The most recent 10-year yield for Canada is 3.15%; using this as a risk-free rate reference point, the underlying equity risk premium on the above assumptions comes to 6.59%. On a beta-adjusted basis (EWC’s longer-term beta is about 1.19x), that comes to about 5.54%. Usually I would estimate an ERP of 4.2-5.5% for mature markets excluding any country risk premium. So, this beta-adjusted figure of 5.54% suggests the potential for modest under-valuation. That, as well as the fund’s favorable cyclical sector exposures (see below), would suggest that EWC has the potential to continue to do relatively well over the next 12 months or so.

EWC Sector Exposures

Morningstar.com

However, risks remain. The energy sector (about 20% of the fund as of November 10, 2022) is inherently volatile, albeit generally less volatile on an equity basis (as opposed to investing directly in commodities). Having said that, The Economist’s Big Mac Index suggests the Canadian dollar could be modestly overvalued (PPP model, on a GDP-per-capita adjusted basis). If the Canadian dollar is 0-10% undervalued, and this value-gap were to close, you could argue that any fundamental “misvaluation” in EWC’s share price is unlikely to be enough to beat the potential FX variance. Also, U.S. bond yields are higher than Canadian comparables, making the U.S. dollar modestly more attractive on a carrying basis.

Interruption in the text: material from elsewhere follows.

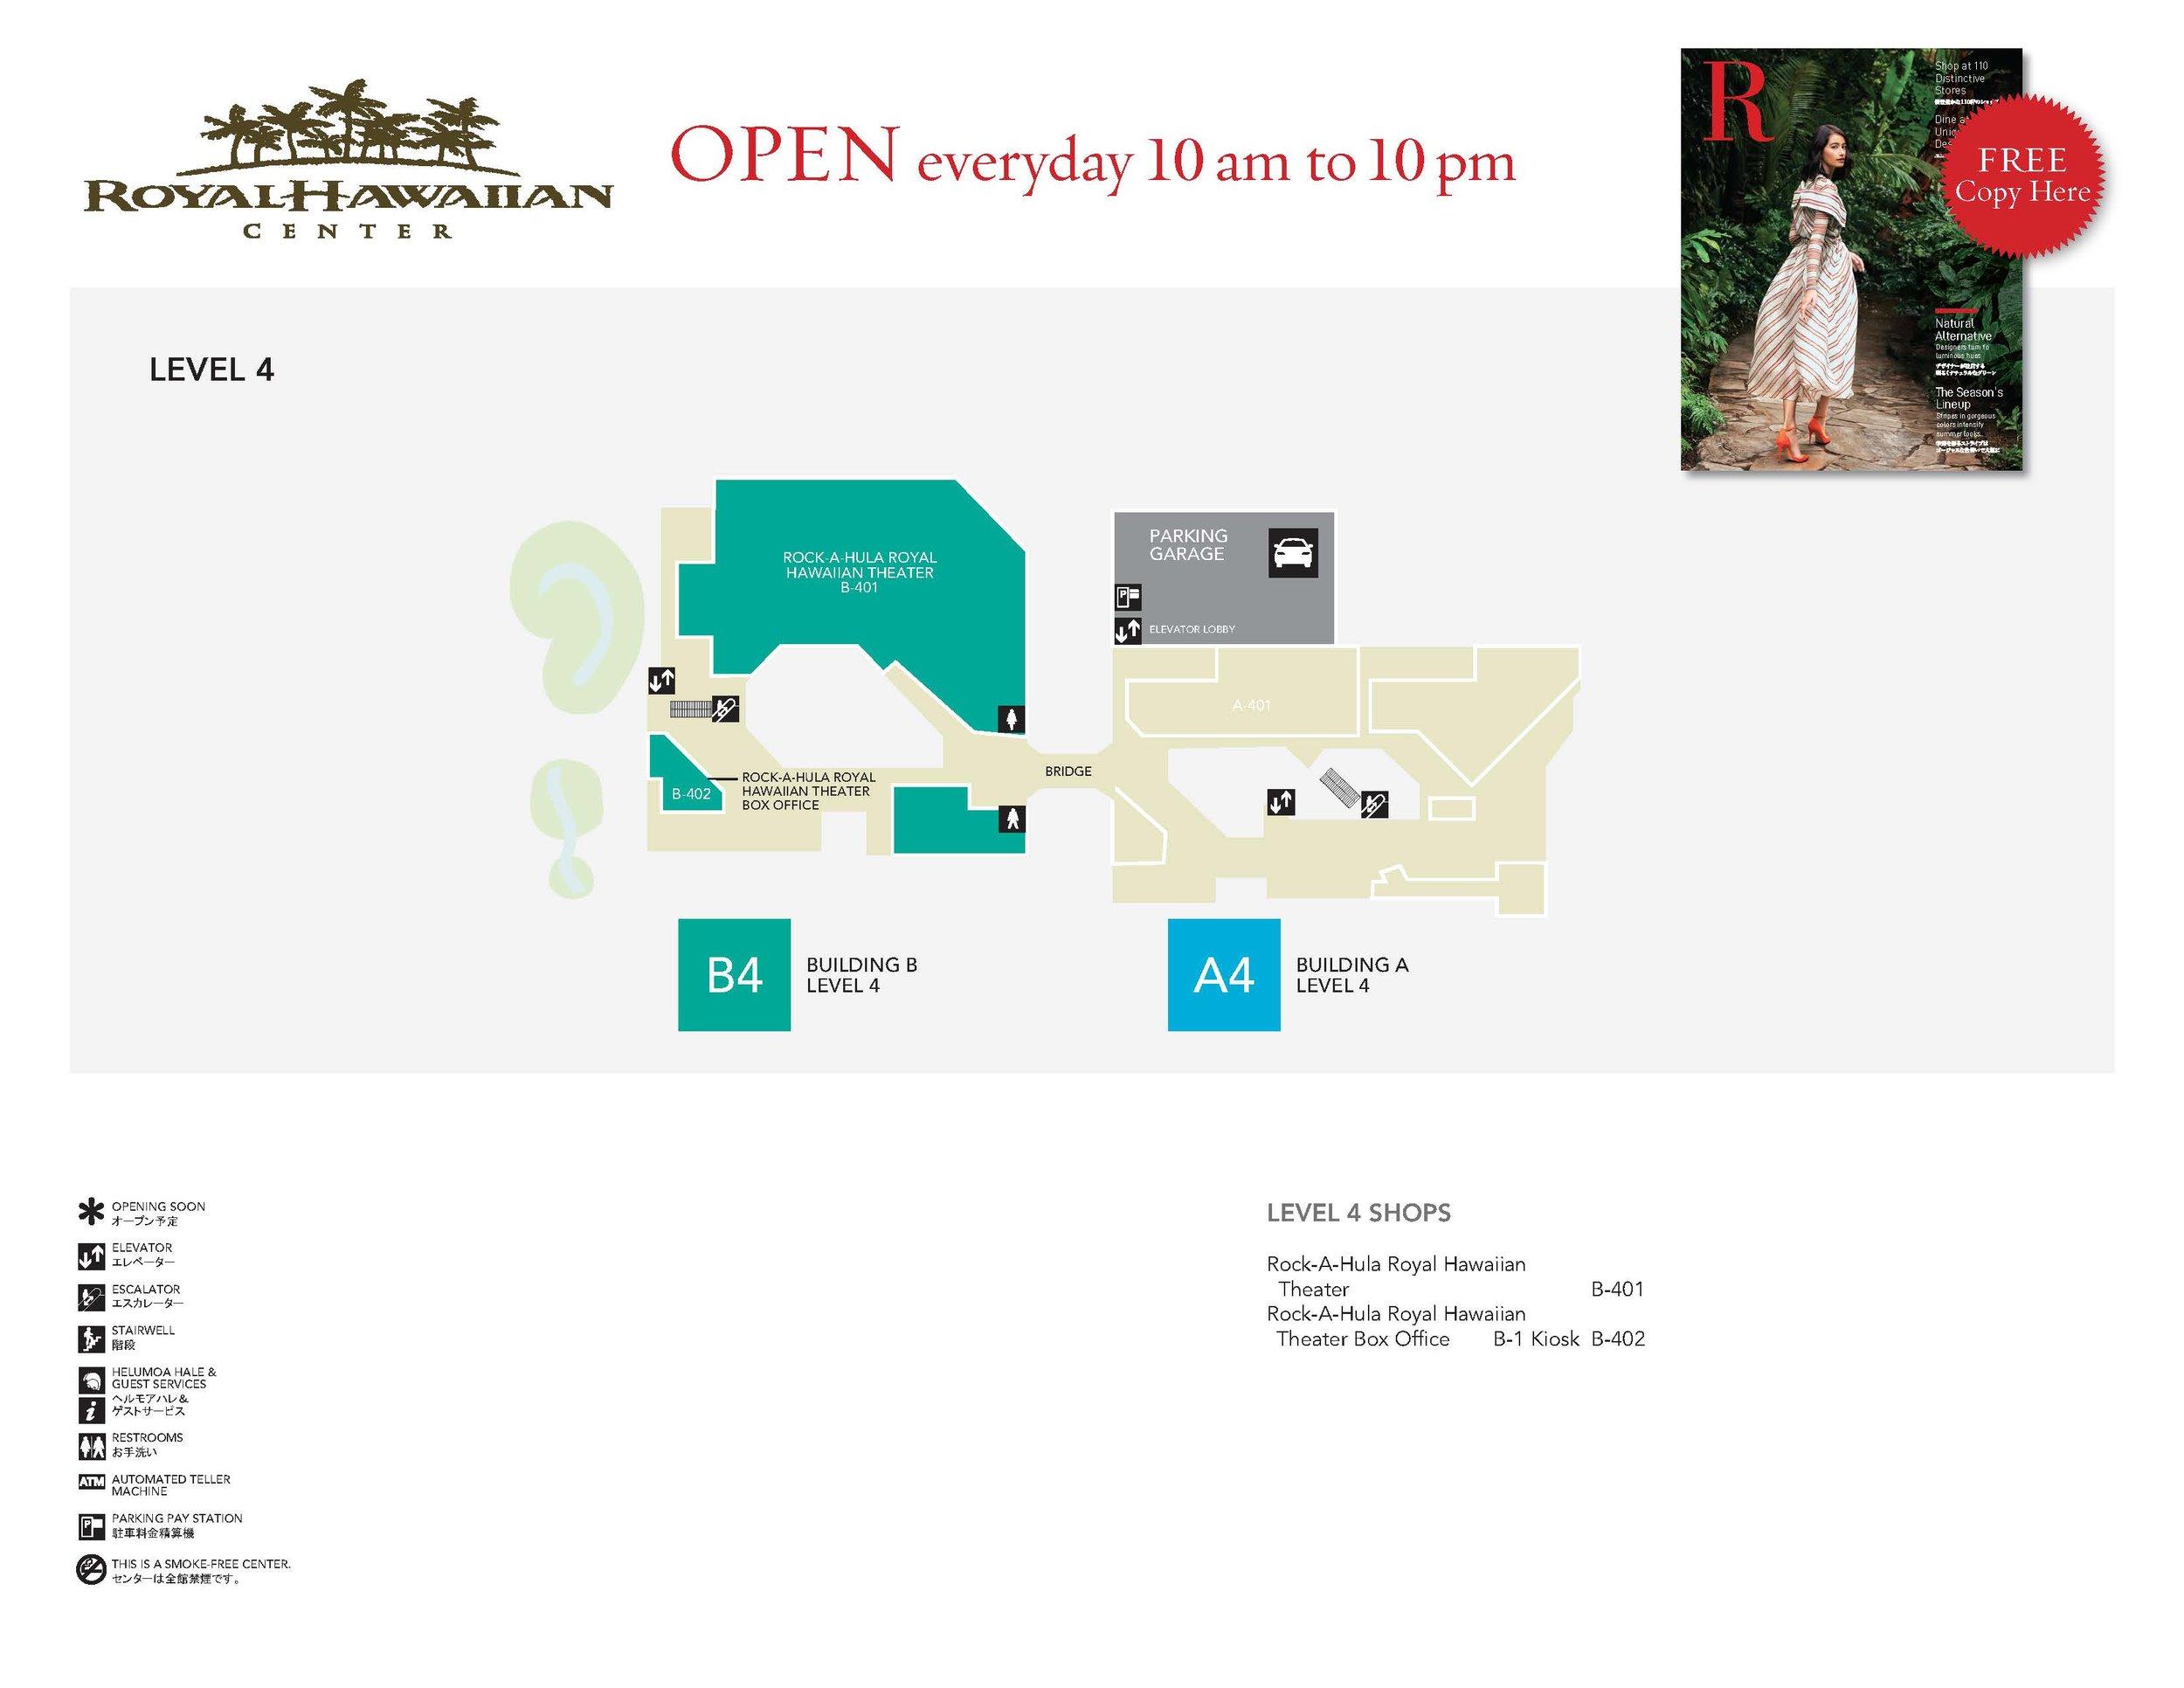 1095-16179-RH-RMag-Maps-May18-FINAL_Page_4.jpg

Having said the above, the Canadian dollar is probably fairly valued given the country’s recent modest current account surplus (which tends to indicate under-valuation). The current account to GDP just rose to +0.10% in 2021. Therefore, USD/CAD stands to potentially fall, in spite of the exchange rate’s unfavorable interest rate spread from a “short” perspective, and in spite of PPP models suggesting fair value at best.

Canada Current Account to GDP

TradingEconomics.com

On balance, as the world economy slowly heads into a new business cycle (albeit with nearer-term recessionary risks), I expect markets to lead the real economy by up to 12 months, and thus EWC is likely to appreciate and perform well over the next few years. The IRR potential may well be up to 10%. However, given minor potential FX risks, as well as the more prominent risk of EWC’s high energy sector exposures (both direct and indirect; the Canadian dollar itself is subject to energy market volatility), I would suggest there are better investment opportunities that are likely to be lower risk at a similar or even better return profile. Therefore, I think it is sensible to take a neutral stance.